The ideal we suppose that simply has a negative reality. Because it is not visible and touchable. And as a negative that it is, according us, it is considered to be not really real.
This, of course, is a pretentiously positive, is an objectivistic, is a materialistic, prejudice. Under the empiricist consideration.
But to see can be (positively) not enough. We can see, and what we see at last reveals itself to have no real existence, no consistence, being just a vision, a mere hallucination (nevertheless, the hallucination does not leave to have a certain kind of reality, consisting it of the ideal: it has an ideal reality, at least).
So, we need to have another term to definitely sentence the reality of anything. And that way is the TOUCHING.
If we see and can touch what we see, we'll say, on it, that it is real «in fact». That it is an «objectivity».

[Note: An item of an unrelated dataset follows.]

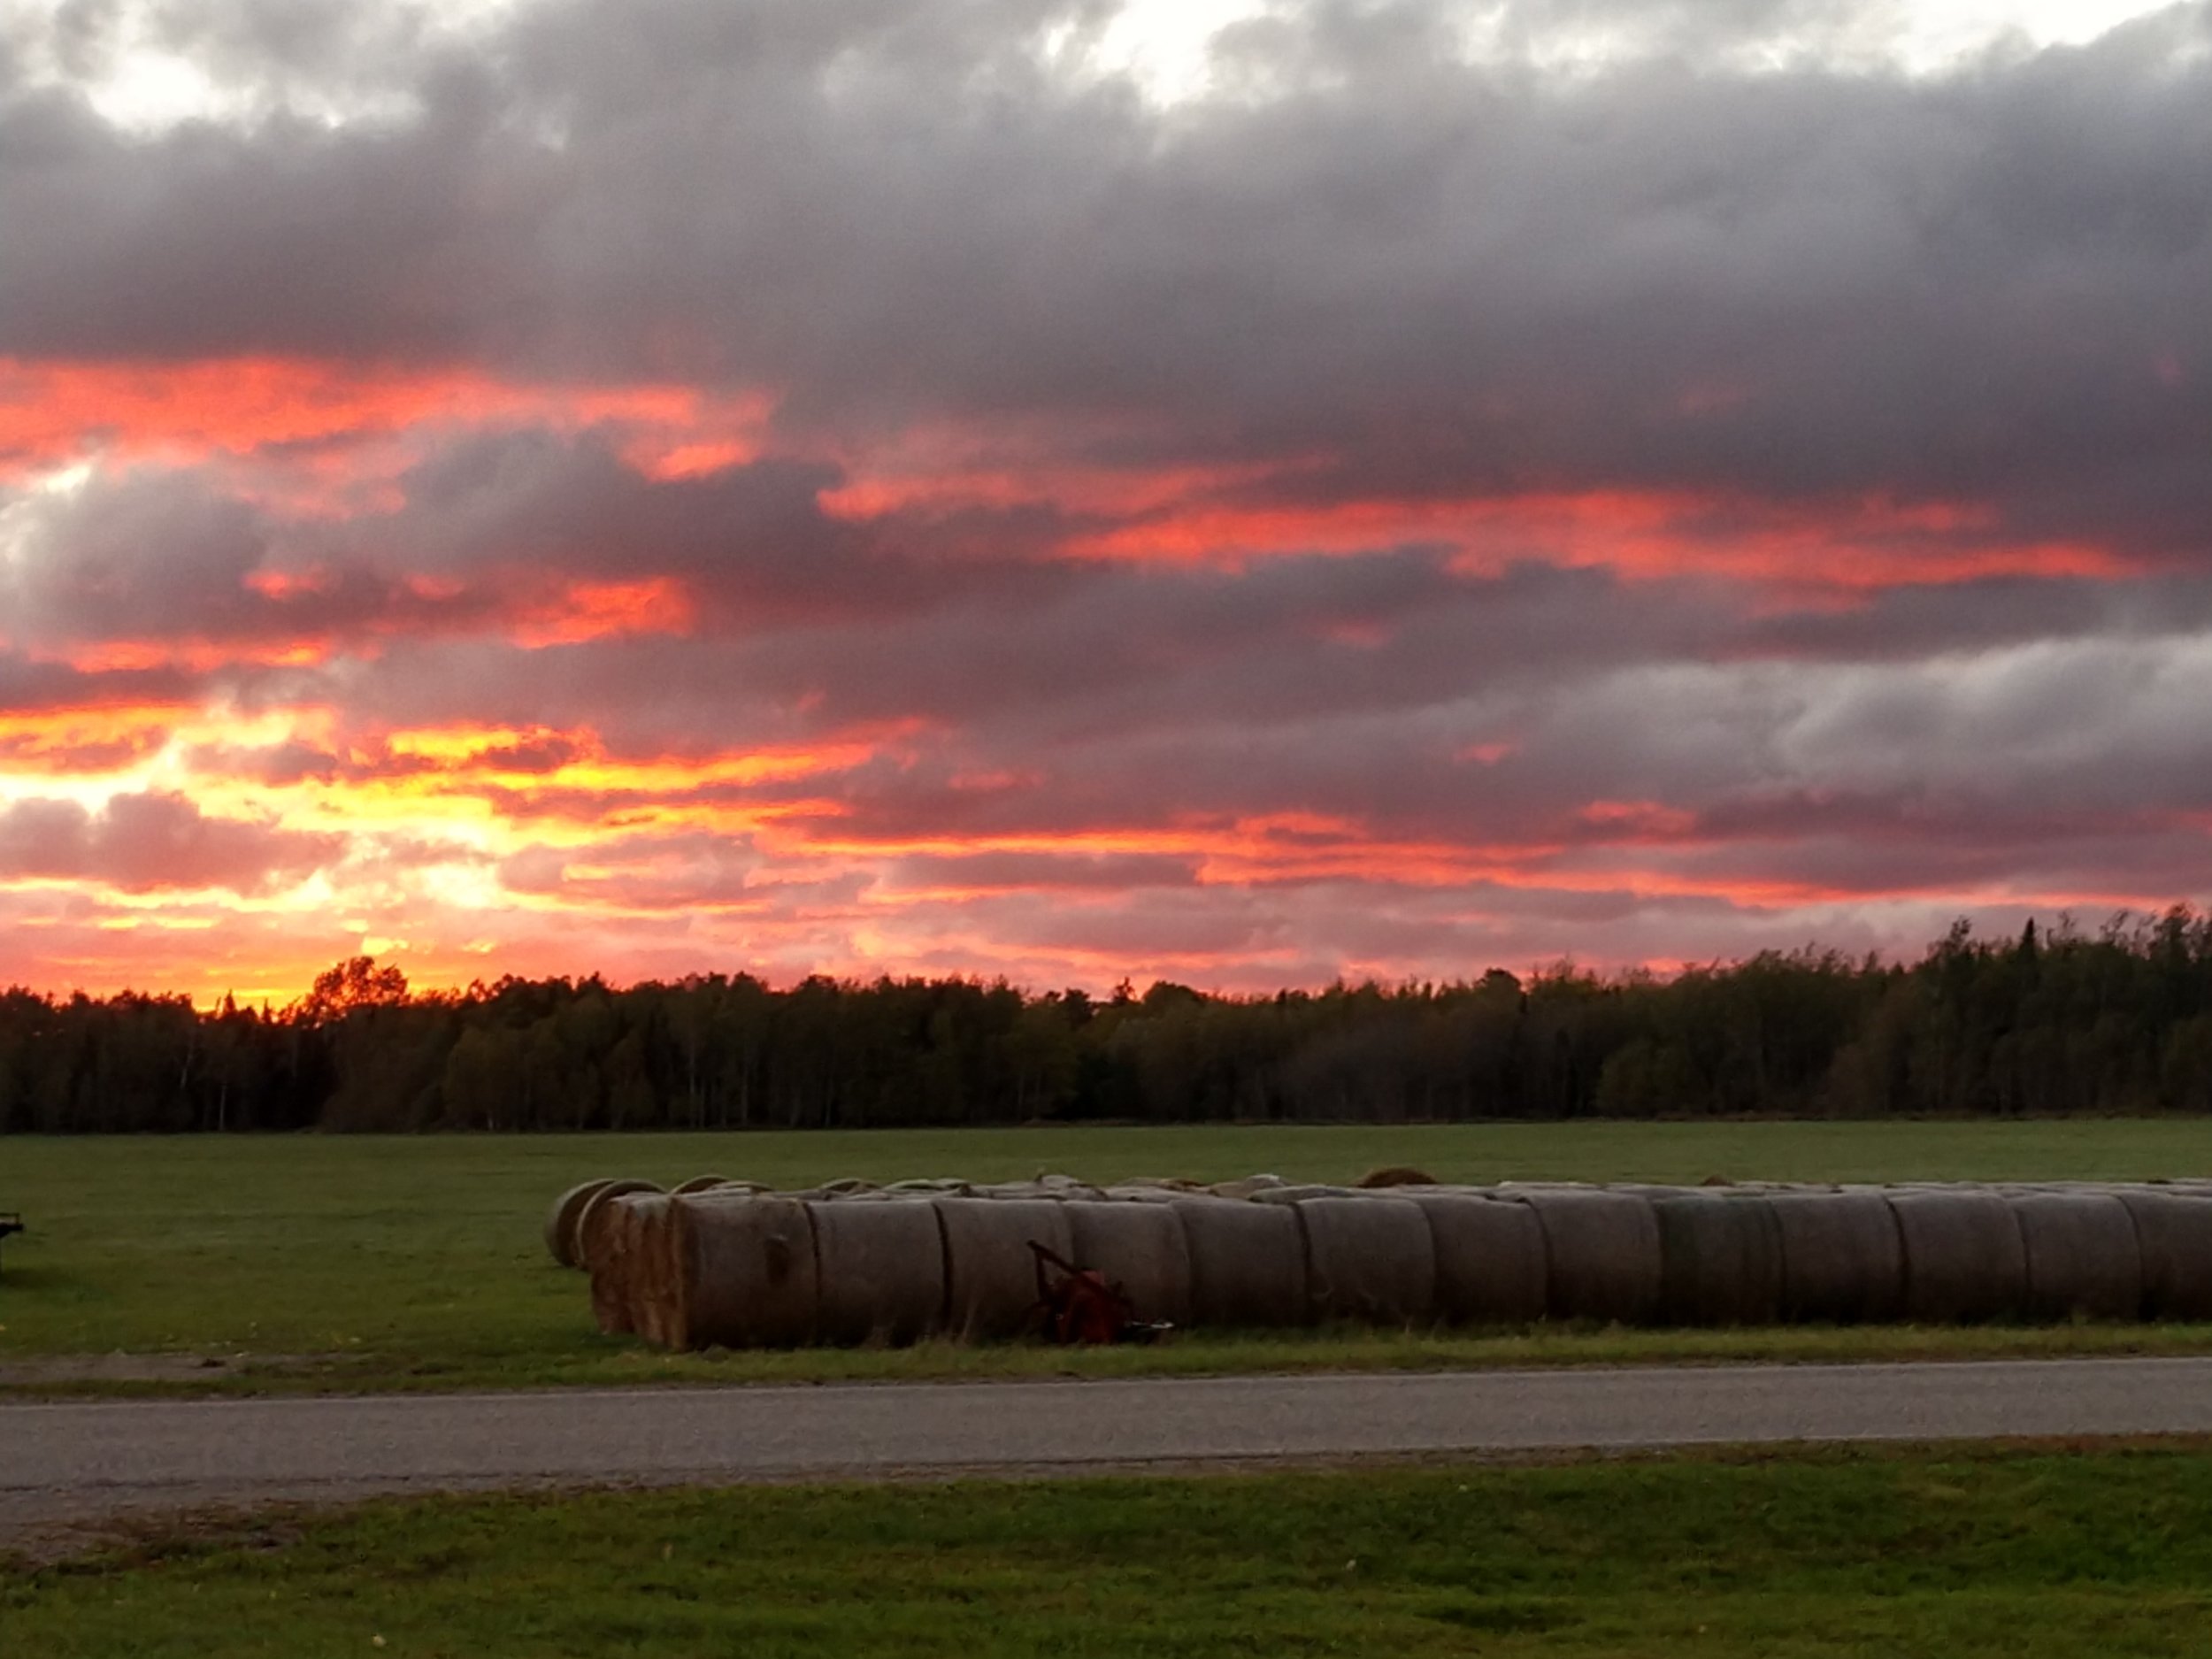 cover photo - orange sky over hay bales.jpg

Nowadays, technology can find out reality where our eyes don't achieve it. And so it became a kind of an extension of the eye, even when the untouchable is invisible too (as it happens with the so-called atomic sub-particles). And also nowadays, when our eyes see but hands cannot touch, we can use technology to touch instead of our hands, thus supposing to confirm the reality of anything.
But in philosophy we know that, to definitely consider as «naturally real» a given fact or phenomenon, it's not enough to see and touch it directly or indirectly.

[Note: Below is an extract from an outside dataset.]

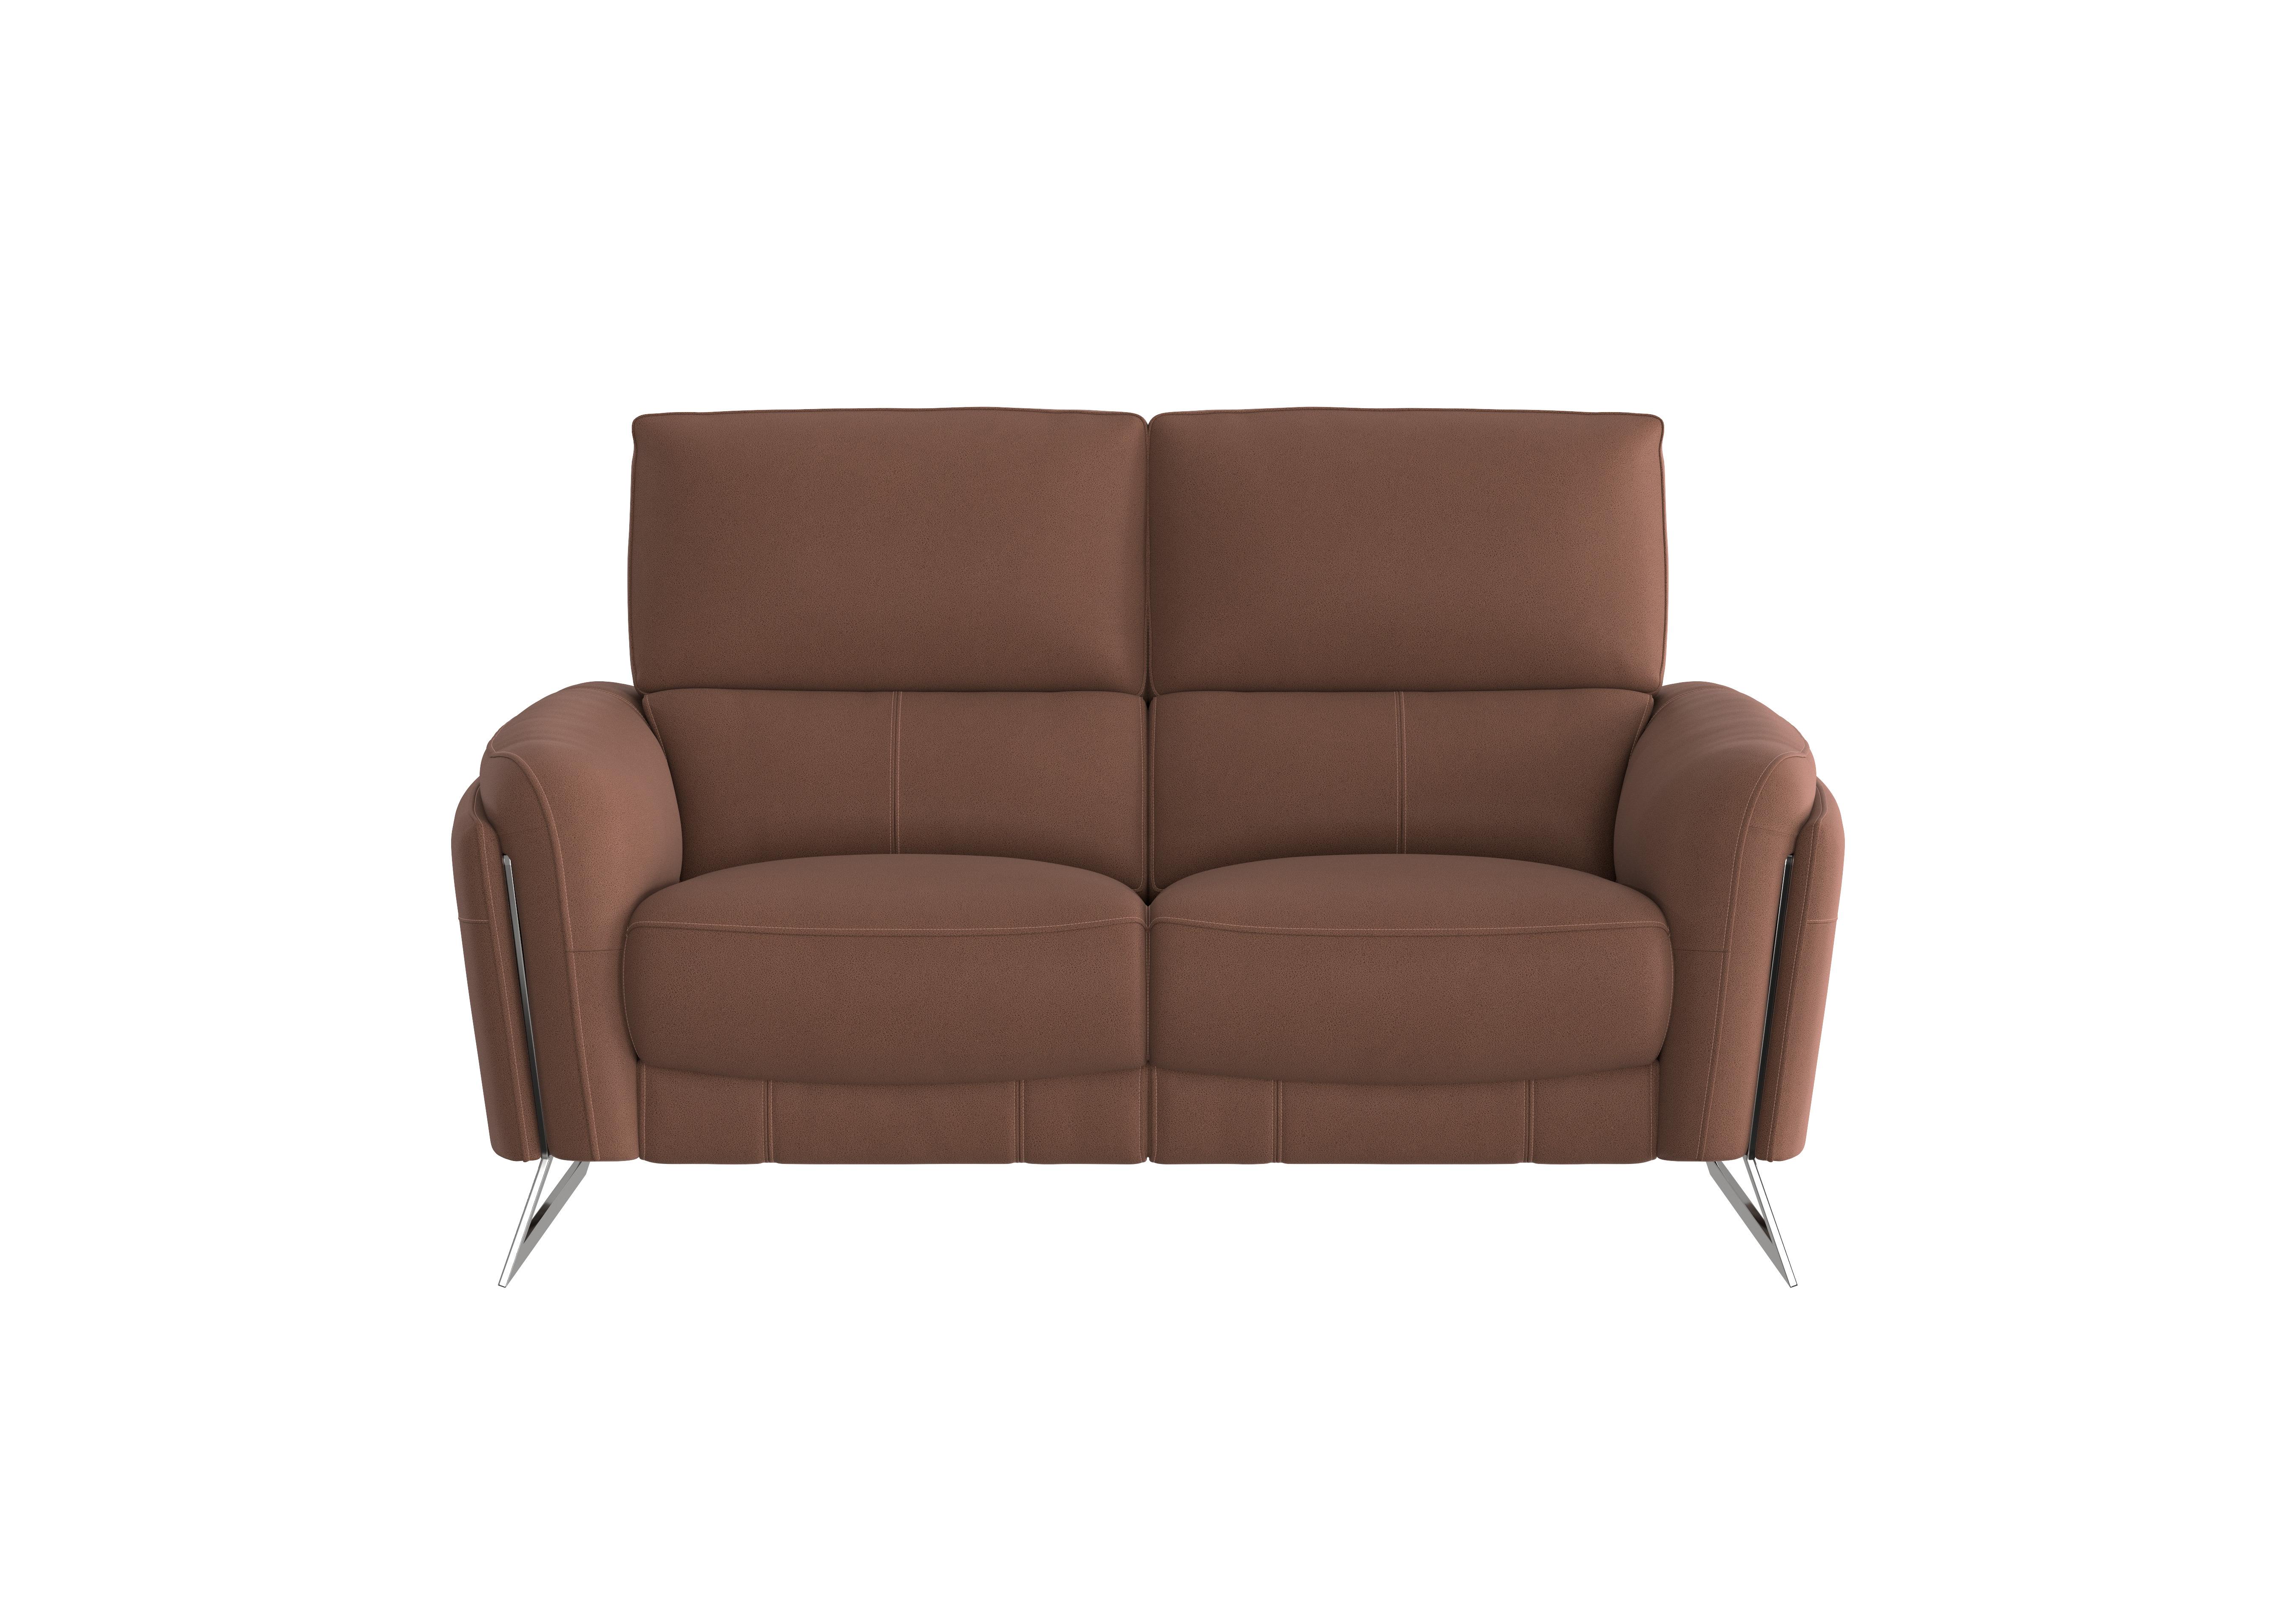 Amarilla 2 Seater Fabric Sofa in Bfa-Blj-R05 Dark Taupe on Furniture Village

For that, is necessary another condition: that the fact or the phenomenon both have to be PERMANENT.
However, it is not sufficient to have the staying of anything. This has to have a permanency... IMMUTABLE.
So, permanency and immutability are the two main conditions to give a REAL reality to anything.
Where can we find them together in Nature?
Davies said us, in his writing, something like science «can get truly RIGOROUS results».
But he forgot that, to get a true confirmation, we have to repeat, many times, the SAME experience.
Nevertheless, the RELATIONS in a same experiment were not the SAME anymore in two quite different moments of the experience. And even more, if we consider the same two corresponding moments of two similar (but not simultaneous) experiments designed to confirm a same thing.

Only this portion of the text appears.